How to Pay for Long-Term Care Services

Health care is one of the largest expenses an individual will have during their life, and the potential need for long-term care services add to the burden.

Creating a “slush fund” of sorts over time may seem like the most logical (and inexpensive way) to pay for long-term care services, but this is easier said than done.

One of the most common ways of planning for long-term care is by purchasing a long-term care insurance policy. These policies are a form of health insurance, so some tax strategies can help you lower the cost of obtaining coverage. Long-term care insurance is different than what you may think of as “health insurance” because it doesn’t cover expenses like hospital stays or doctor’s visits. Instead, it pays for the care needed to help people do those “activities of daily living.”

When I took care of the woman with MS back in 1993, I helped her eat, drink, go to the bathroom, get dressed…all the things I was taking for granted but she couldn’t do.

Today, round-the-clock care like this can cost more than $120,000 a year, so without some form of leverage (like through insurance), any money you have saved can disappear pretty quickly if you require care.

Long-term care insurance benefits usually start paying after the insured person cannot do (2) activities of daily living for 100 days or more.

There are types of long-term care insurance policies that are “hybrid policies” that have other benefits tied to them like death benefits or lifetime income payments, regardless of whether you need care or not.

Medicare and Medicaid may also help cover certain costs depending on how long you need care or how much wealth you have in your name.

Another possibility to pay for long-term care is using your home’s equity.

A 90-year-old family friend I have known my whole life just sold her house and will use the proceeds to help pay for assisted living. If you are over 62, a reverse mortgage could also be an option to gain access to your home’s equity, especially if you need to keep it for your spouse to continue living it (for my friend who sold her house, her husband had passed away several years ago so maintaining control wasn’t a concern for her.)

The fact is there are a lot of possibilities on how to address this type of care.

Other Considerations for Your Long-Term Care Plan

As I mentioned earlier, planning for long-term care along as part of a process that addresses all the aspects of your financial life makes the decision process easier because you can see how your choices will impact your current and future wealth and lifestyle.

When you do it this way, you can see the best ways to use tax savings to pay for care, how to position cash flow, and even use several strategies to work together so that you have little if any effect on your current or future lifestyle or wealth.

I am sure that sounds too good to be true, but I assure you it isn’t. I even guarantee results.

When planning for long-term care, it is also a perfect time to address other estate planning concerns such as wills, trusts, and various advanced directives.

Here is The Bottom Line On Long-Term Care Planning

Yes, Long-term care planning is not the easiest topic to think about. However, no matter what your age, it’s incredibly important that you plan for it before you actually need it.

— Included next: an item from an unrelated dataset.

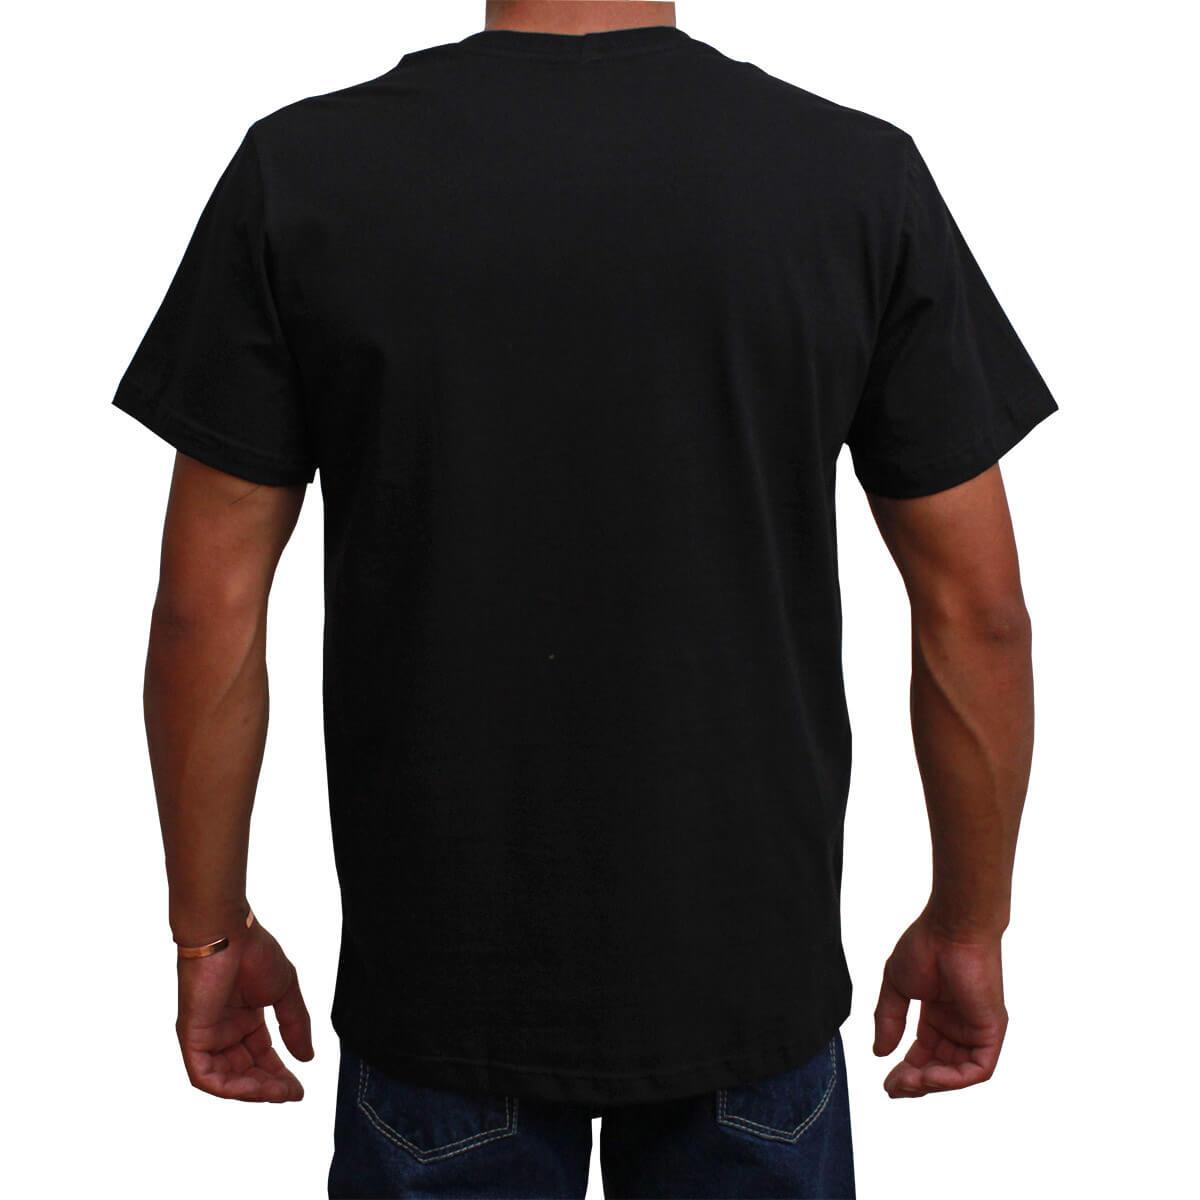 Camiseta Indian Farm Masculina Preta Original

Failing to do so can have major financial and health-related consequences. You never know the day you will need it (or the day you become uninsurable and lose the options you have today) so being proactive is the smart thing to be.

Imagine the stress on yourself and your loved ones if you do not address this, and you need it. Everyone will be scrambling to figure out what to do, and by that point, there will not be any good choices available.

The good news is if you are proactive, you may find that there are choices to address long-term care that will not impact your pocketbook or wealth the way you are afraid of. It just requires you to understand the game’s rules and have an expert guide show you what is possible so you can make the best decision for your unique situation.

When you do this, you can live confidently that you have done what you need to do to live the type of life you desire.